A majority of Clay County’s lame duck commission seems intent on expanding prevailing wage requirements on contractors Wednesday night, just weeks before other commissioners join them in January.
Missouri already has a prevailing wage law setting a minimum wage rate for public works projects costing over $75,000. A proposed ordinance on the commission agenda Wednesday evening would expand the wage requirement in Clay County to even subcontractors – many of whom are small, local businesses that may be unable to afford the prevailing wage rate.
That could funnel more projects away from local businesses and to larger companies able to pay higher wages.
“That’s my opinion,” says Commissioner Jerry Nolte, the lone commissioner of the current three to oppose adopting the ordinance right now.
Nolte said he unsuccessfully moved to table the proposal, when it first surfaced last week, until after the first of the year to study the financial impact – and to give the four new commissioners a voice in the matter. The commission is expanding in January from three members to seven, with all three current commissioners staying on.
Nolte said he’s not sure what’s driving the proposal, or why there’s a rush to do it before the new commissioners take office.
“I don’t see the hurry,” he told The Heartlander Tuesday. “I think when we’re talking about an ordinance that is of this magnitude I think more than two meetings are in order, and that we should have the larger commission weigh in – all seven, and not try to get it in under the wire before they’re sworn in.
“The comment was made, ‘Well, we can always fix it later.’ Why don’t we just take our time and do it right the first time?”
Nolte noted the businesses that would have to pay the higher wages have had very little notice about the proposed wage hike, and may not even know it could be coming.
“This has not been vetted,” he said. “Nobody was really quite aware of it until it sort of popped up on the agenda, and I was a little surprised about it myself. We need to get feedback from people who are going to be affected by this ordinance.
“For good or bad, I think we ought to hear from all sides. But the chance for any opposition to speak has been somewhat limited – just by the time element, by the rush that we seem to be putting on it.”
While Nolte says he’s keeping an open mind on the proposal, he’s all the more hesitant to rush into it because of his own inability, even as a sitting commissioner, to get answers about it.
“When I was asking questions I was getting ‘I don’t know’ more often than I was comfortable with, and I would like to have those questions answered prior to us making a decision on it.”
Missouri already has a pretty “robust” prevailing wage law, says Nolte – who ought to know, since he largely wrote the law as a member of the House.
“I’m not sure exactly what problem we’re solving here,” he said.

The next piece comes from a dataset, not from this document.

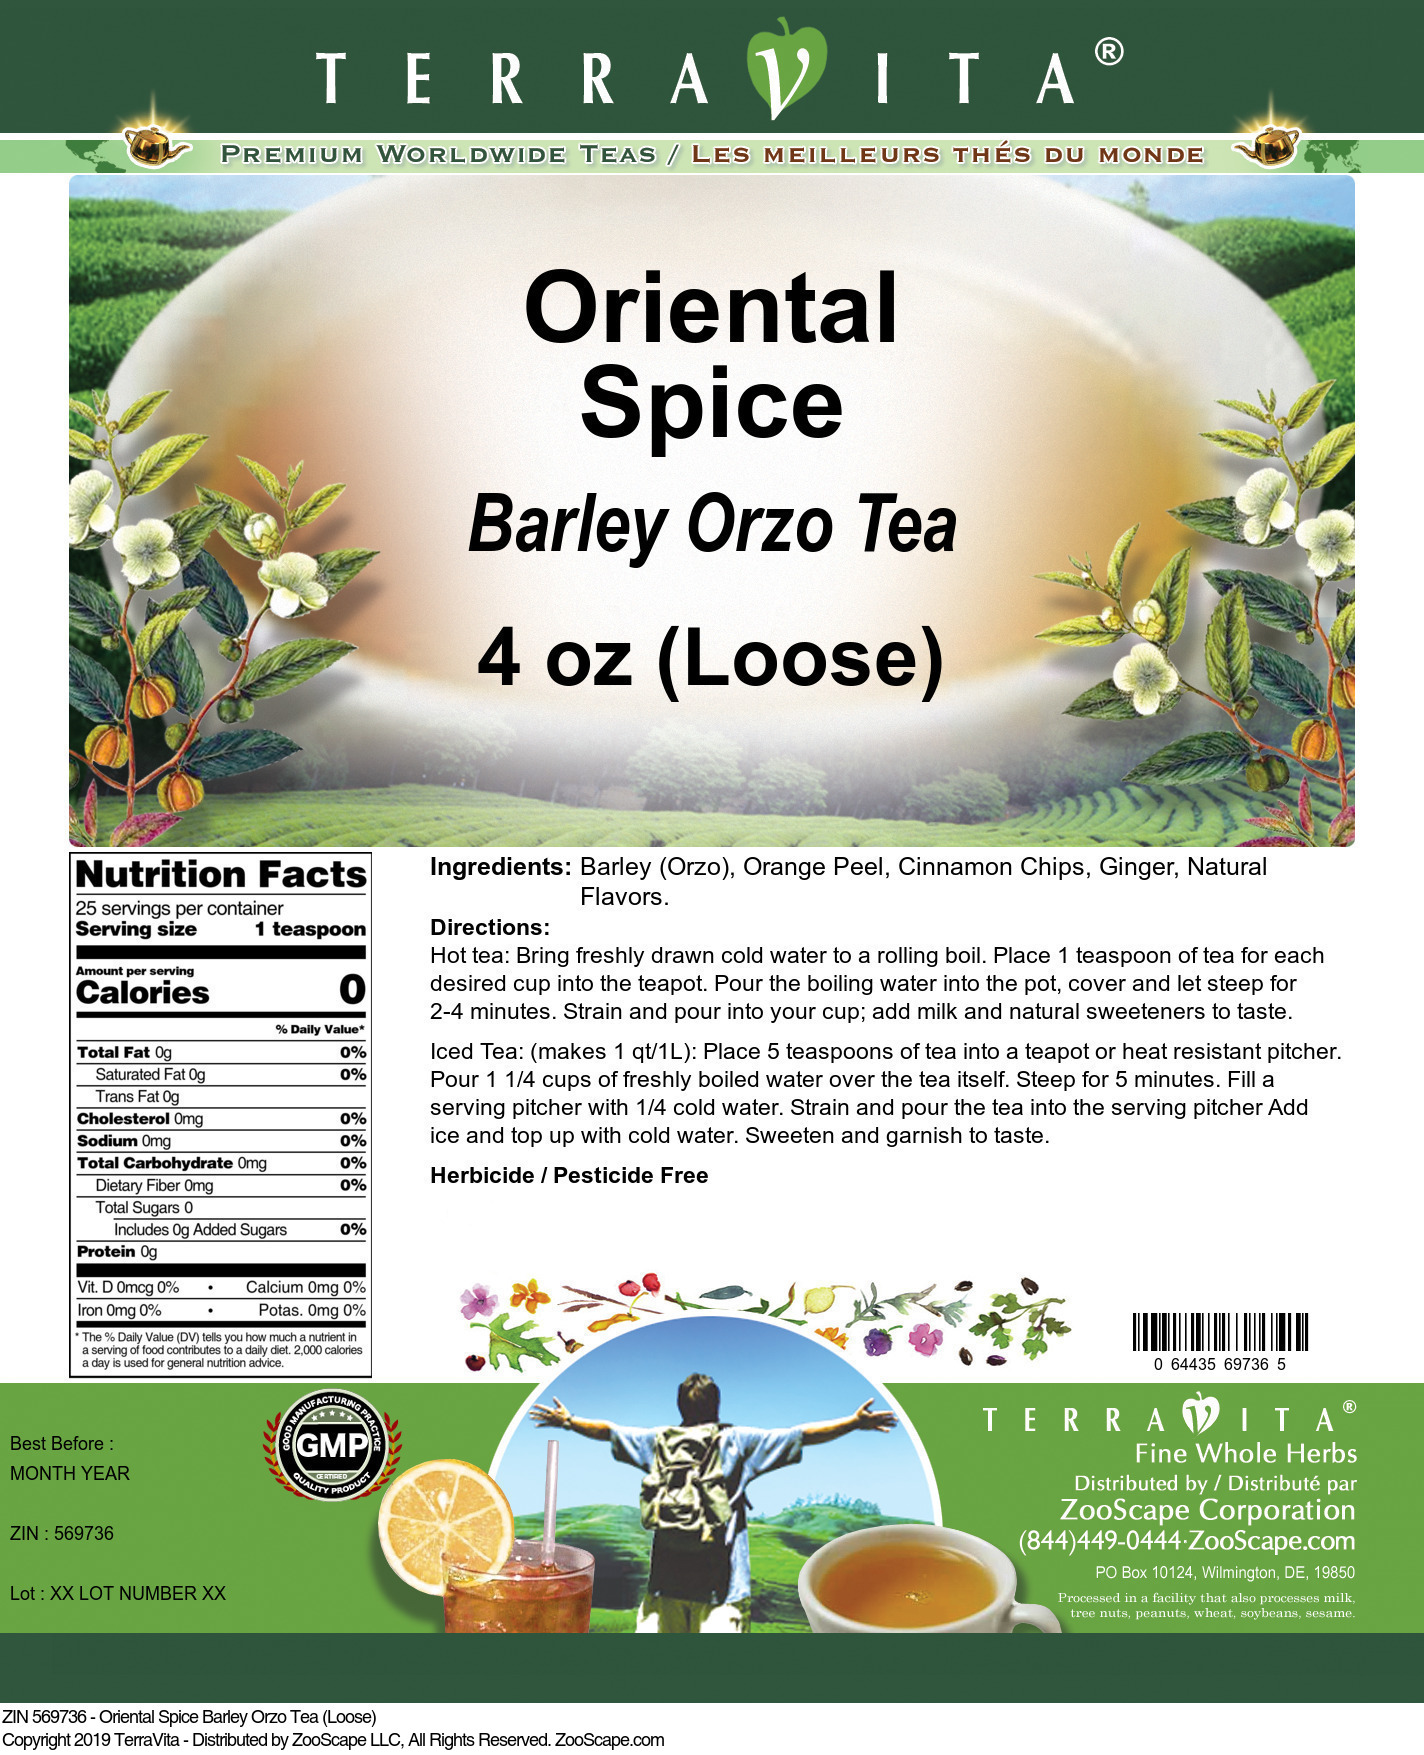 Oriental Spice Barley Orzo

Commissioner Megan Thompson says the issue is the quality of work done on county projects and the skill and safety of those doing it – particularly after the Oct. 26 collapse of the under-construction Shady Grove Bridge over Carroll Creek at N.E. 148 St., in which one worker died and three were injured.
“And we also want to make sure we don’t have unscrupulous contractors that might hire people who are not legally here in our country and give them the jobs over men and women who just want to have a good job and make a living here in Clay County,” she said. “It helps the American workers because they are the backbone of our nation, and that is my stance on this. I’m working for this ordinance because I want to make sure that taxpayer money doesn’t go to support illegal immigration.”

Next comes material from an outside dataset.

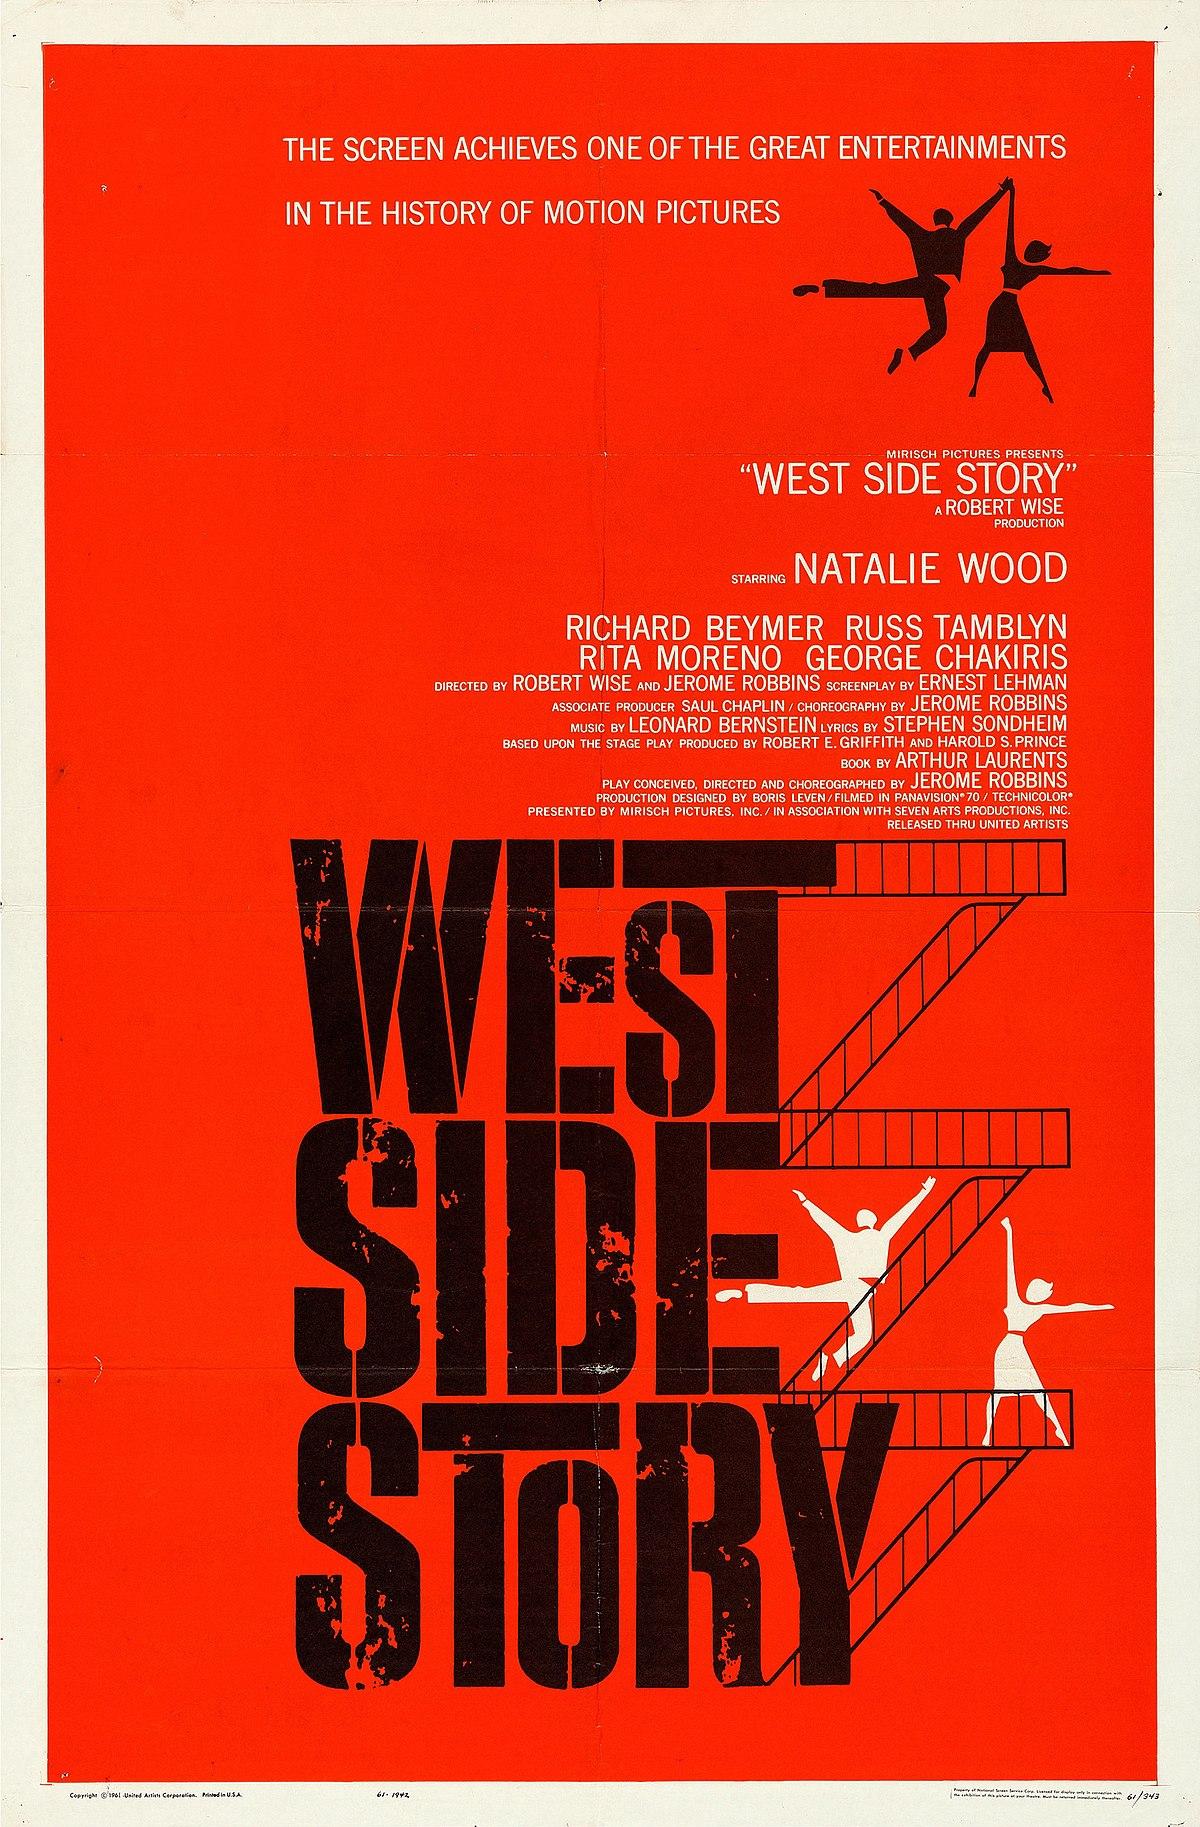 West Side Story, de Robert Wise et Jerome Robbins

As for the seemingly hurried timing of it, Thompson said there is no rush; it’s just that the ordinance has been in the works for awhile and is simply ready to go.

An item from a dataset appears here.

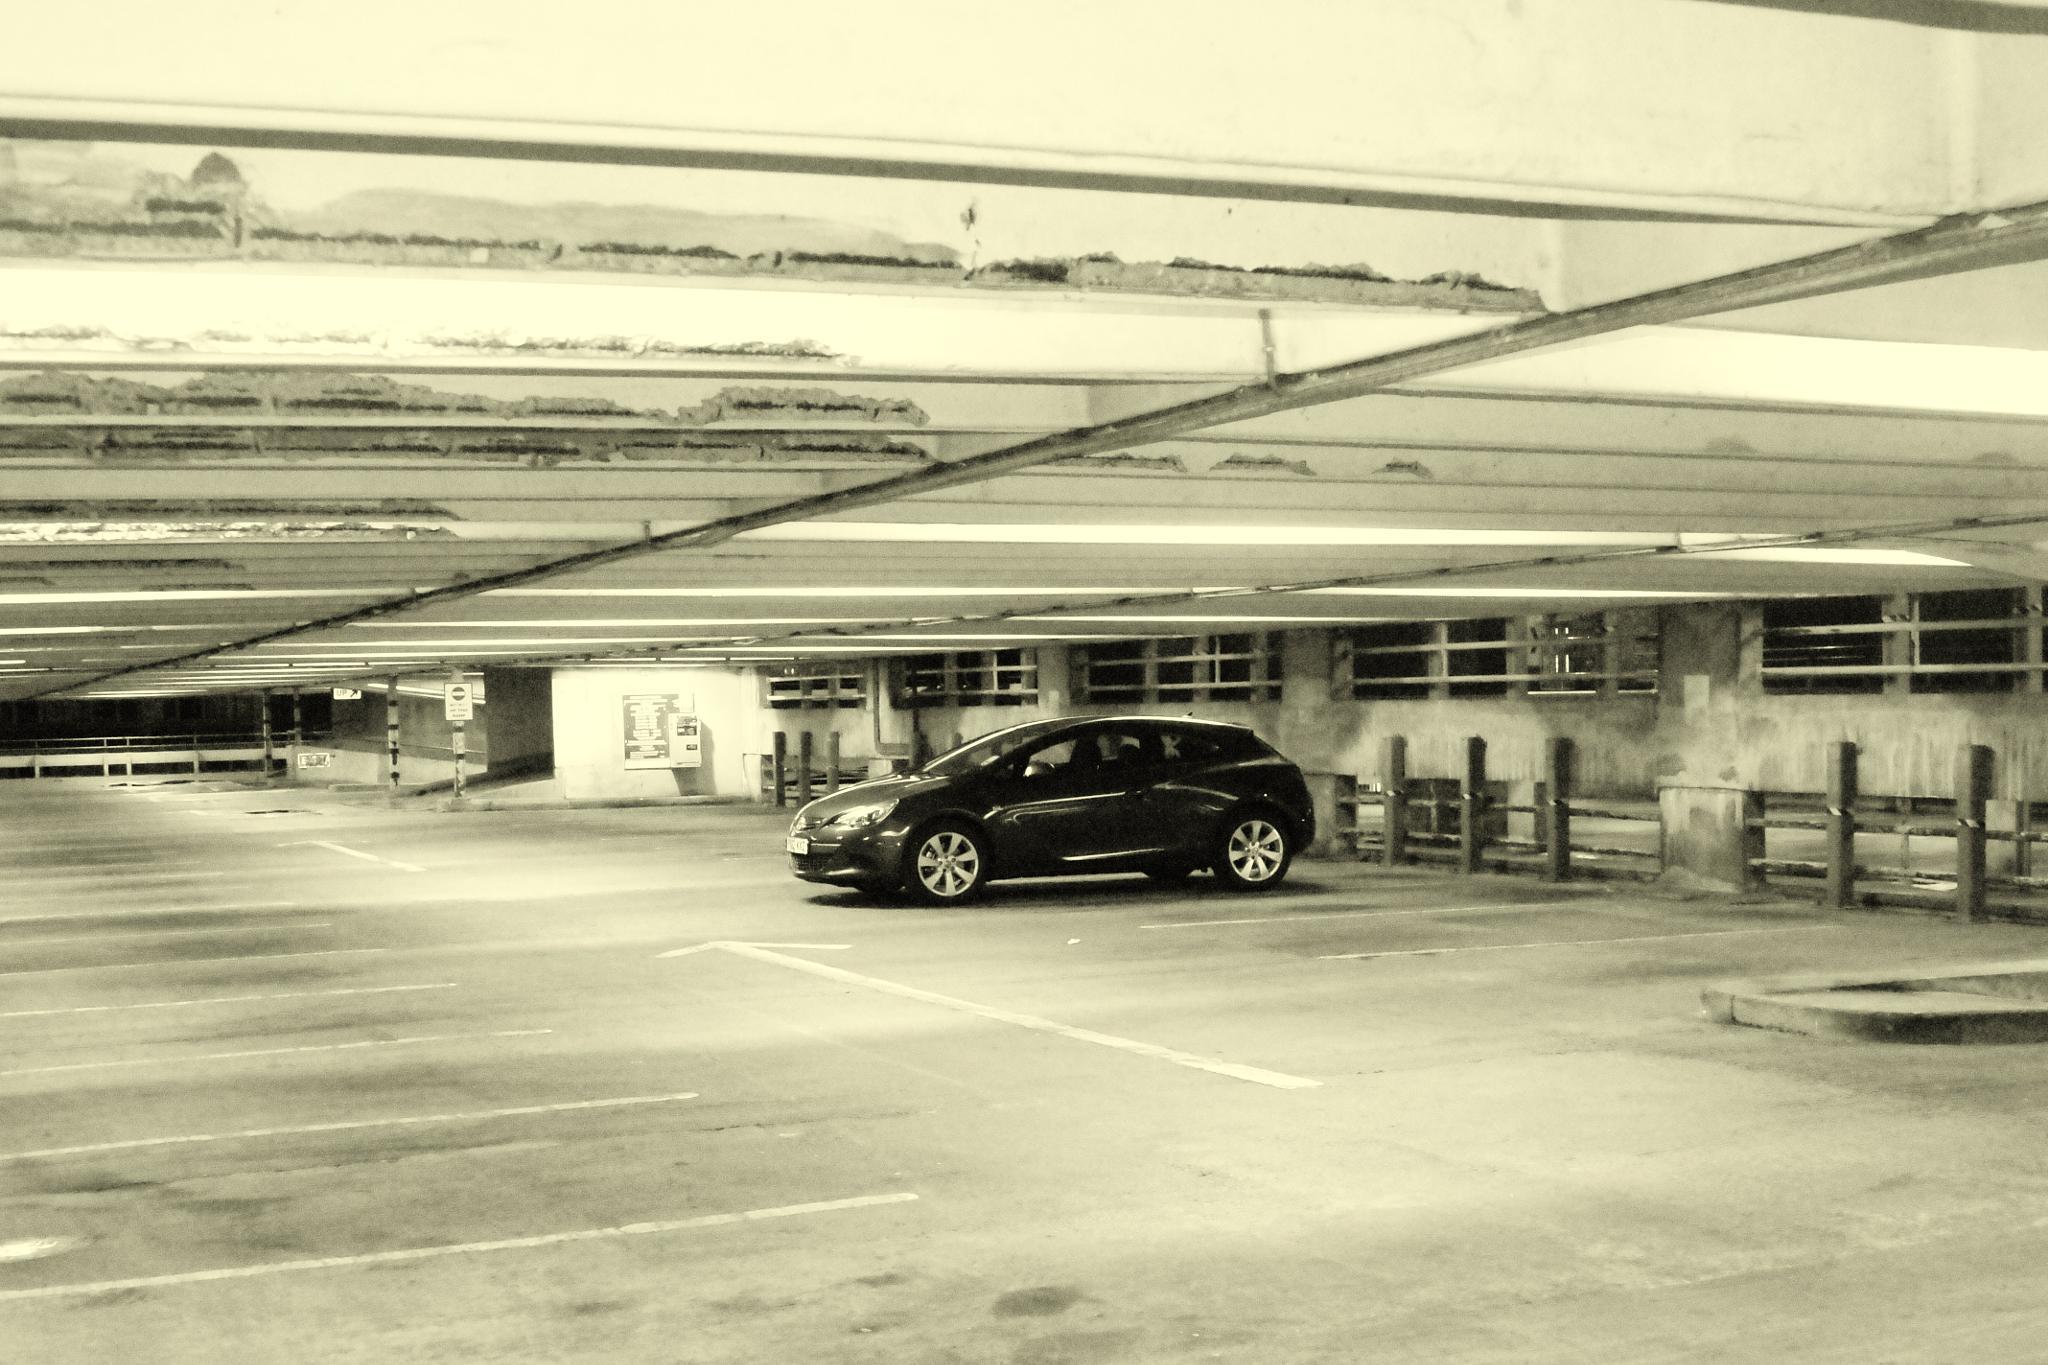 alone by carl.grayphotos

“As a commissioner, I don’t take December off,” she said. “We don’t take breaks. It just happened to be that this document was completed. This is a good starting point, after the bridge collapse, to get something moved forward.”
Thompson said she’ll make a motion Wednesday that the expanded commission in January can take a second look at the ordinance – though in reality, no such motion is necessary for that to happen.
Instead, Nolte suggests simply waiting for the expanded commission in January – out of respect to the new members, but also in light of the recent election campaign in which the candidates had their fingers on the pulse of their constituents.
Is the ordinance indeed an effort to prevent the hiring of illegal immigrants? It may be, though Nolte says that was only mentioned in passing – and it’s covered anyway by labor laws that encourage employers to check workers’ immigration status or perhaps lose their license to operate.
Might the ordinance squeeze small local contractors out of public projects, even as subcontractors?
“I believe that’s a possibility,” Nolte says. “That’s one of the issues that I was asking questions about (at the meeting Dec. 7). And I was not satisfied with the answers. I was told by one of the witnesses that this would, in fact, be good for small business. I’ve been involved in small businesses as an owner since 1977, and quite honestly I did not follow his logic.
“I think this would actually be harmful to small businesses, and less competitive.”